From: Manali Shukla <manali.shukla@amd.com>
To: Rik van Riel <riel@surriel.com>, x86@kernel.org
Cc: linux-kernel@vger.kernel.org, bp@alien8.de, peterz@infradead.org,
dave.hansen@linux.intel.com, zhengqi.arch@bytedance.com,
nadav.amit@gmail.com, thomas.lendacky@amd.com,
kernel-team@meta.com, linux-mm@kvack.org,
akpm@linux-foundation.org, jannh@google.com,
mhklinux@outlook.com, andrew.cooper3@citrix.com,
Manali Shukla <manali.shukla@amd.com>
Subject: Re: [PATCH v6 00/12] AMD broadcast TLB invalidation
Date: Fri, 24 Jan 2025 17:11:34 +0530 [thread overview]
Message-ID: <431442a7-e62b-4892-9f3c-6fbdb97a7722@amd.com> (raw)
In-Reply-To: <20250120024104.1924753-1-riel@surriel.com>
On 1/20/2025 8:10 AM, Rik van Riel wrote:
> Add support for broadcast TLB invalidation using AMD's INVLPGB instruction.
>
> This allows the kernel to invalidate TLB entries on remote CPUs without
> needing to send IPIs, without having to wait for remote CPUs to handle
> those interrupts, and with less interruption to what was running on
> those CPUs.
>
> Because x86 PCID space is limited, and there are some very large
> systems out there, broadcast TLB invalidation is only used for
> processes that are active on 3 or more CPUs, with the threshold
> being gradually increased the more the PCID space gets exhausted.
>
> Combined with the removal of unnecessary lru_add_drain calls
> (see https://lkml.org/lkml/2024/12/19/1388) this results in a
> nice performance boost for the will-it-scale tlb_flush2_threads
> test on an AMD Milan system with 36 cores:
>
> - vanilla kernel: 527k loops/second
> - lru_add_drain removal: 731k loops/second
> - only INVLPGB: 527k loops/second
> - lru_add_drain + INVLPGB: 1157k loops/second
>
> Profiling with only the INVLPGB changes showed while
> TLB invalidation went down from 40% of the total CPU
> time to only around 4% of CPU time, the contention
> simply moved to the LRU lock.
>
> Fixing both at the same time about doubles the
> number of iterations per second from this case.
>
> Some numbers closer to real world performance
> can be found at Phoronix, thanks to Michael:
>
> https://www.phoronix.com/news/AMD-INVLPGB-Linux-Benefits
>
> My current plan is to implement support for Intel's RAR
> (Remote Action Request) TLB flushing in a follow-up series,
> after this thing has been merged into -tip. Making things
> any larger would just be unwieldy for reviewers.
>
> v6:
> - fix info->end check in flush_tlb_kernel_range (Michael)
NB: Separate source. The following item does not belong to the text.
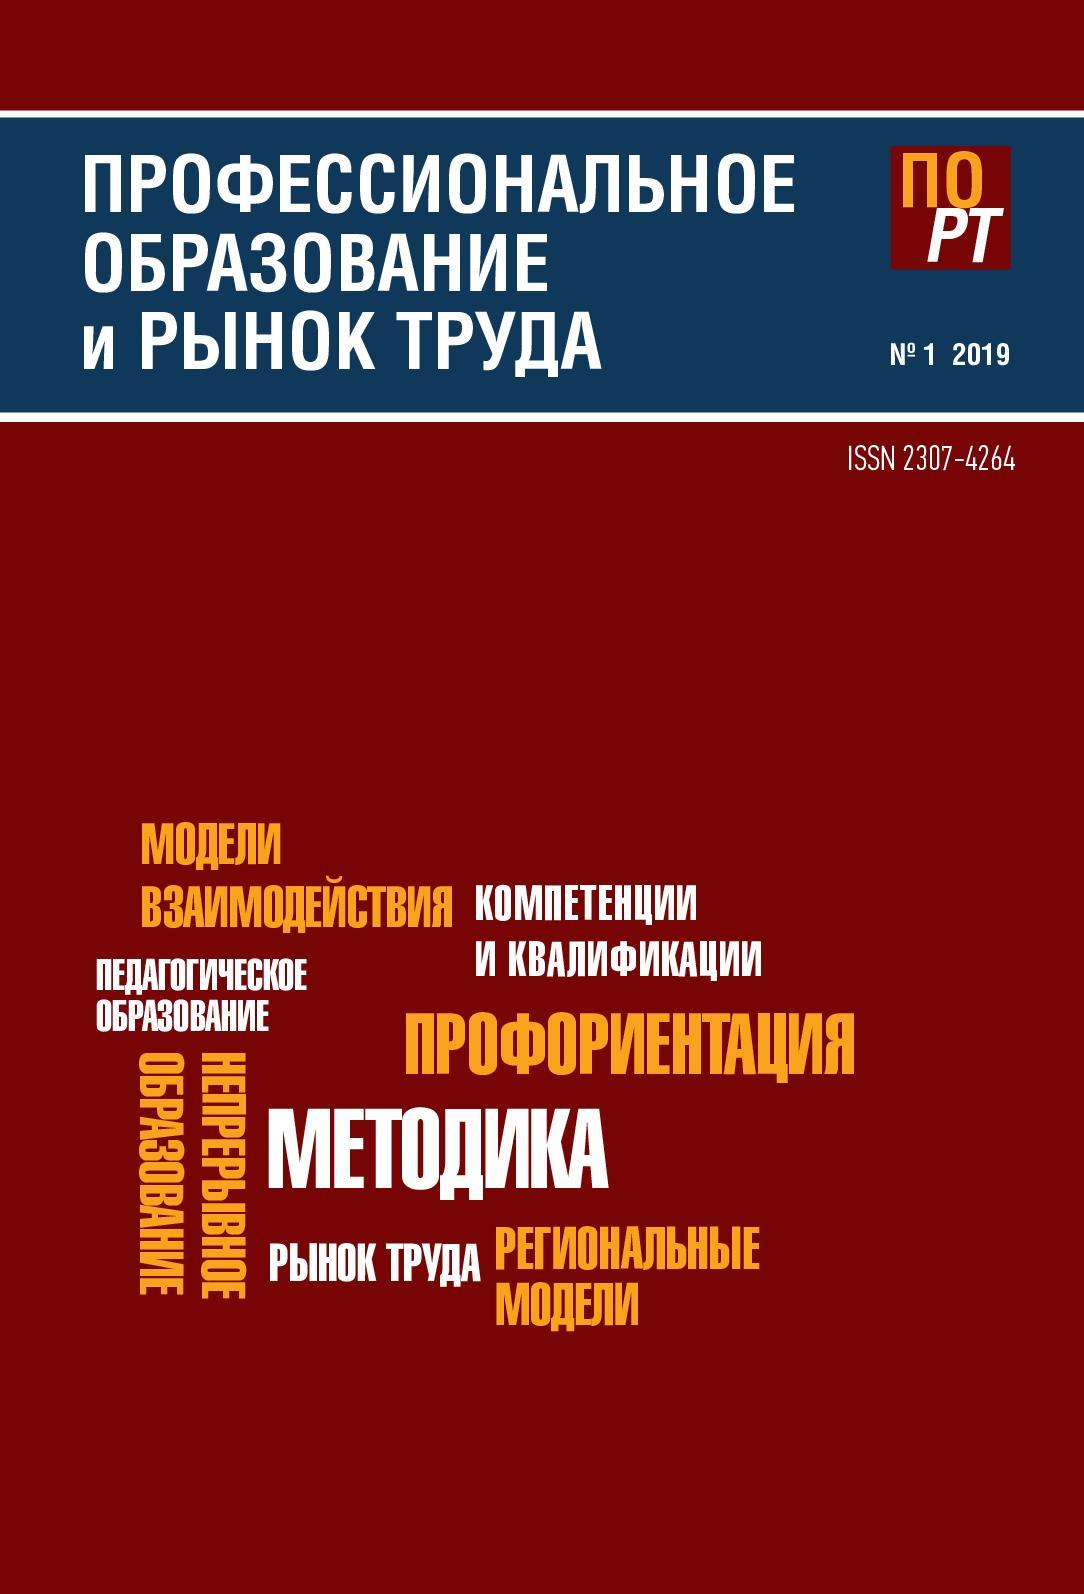 Calaméo   Профессиональное образование и рынок труда №9 2099

> - disable broadcast TLB flushing on 32 bit x86
> v5:
> - use byte assembly for compatibility with older toolchains (Borislav, Michael)
> - ensure a panic on an invalid number of extra pages (Dave, Tom)
> - add cant_migrate() assertion to tlbsync (Jann)
> - a bunch more cleanups (Nadav)
> - key TCE enabling off X86_FEATURE_TCE (Andrew)
> - fix a race between reclaim and ASID transition (Jann)
> v4:
> - Use only bitmaps to track free global ASIDs (Nadav)
> - Improved AMD initialization (Borislav & Tom)
> - Various naming and documentation improvements (Peter, Nadav, Tom, Dave)
> - Fixes for subtle race conditions (Jann)
> v3:
> - Remove paravirt tlb_remove_table call (thank you Qi Zheng)
> - More suggested cleanups and changelog fixes by Peter and Nadav
> v2:
> - Apply suggestions by Peter and Borislav (thank you!)
> - Fix bug in arch_tlbbatch_flush, where we need to do both
> the TLBSYNC, and flush the CPUs that are in the cpumask.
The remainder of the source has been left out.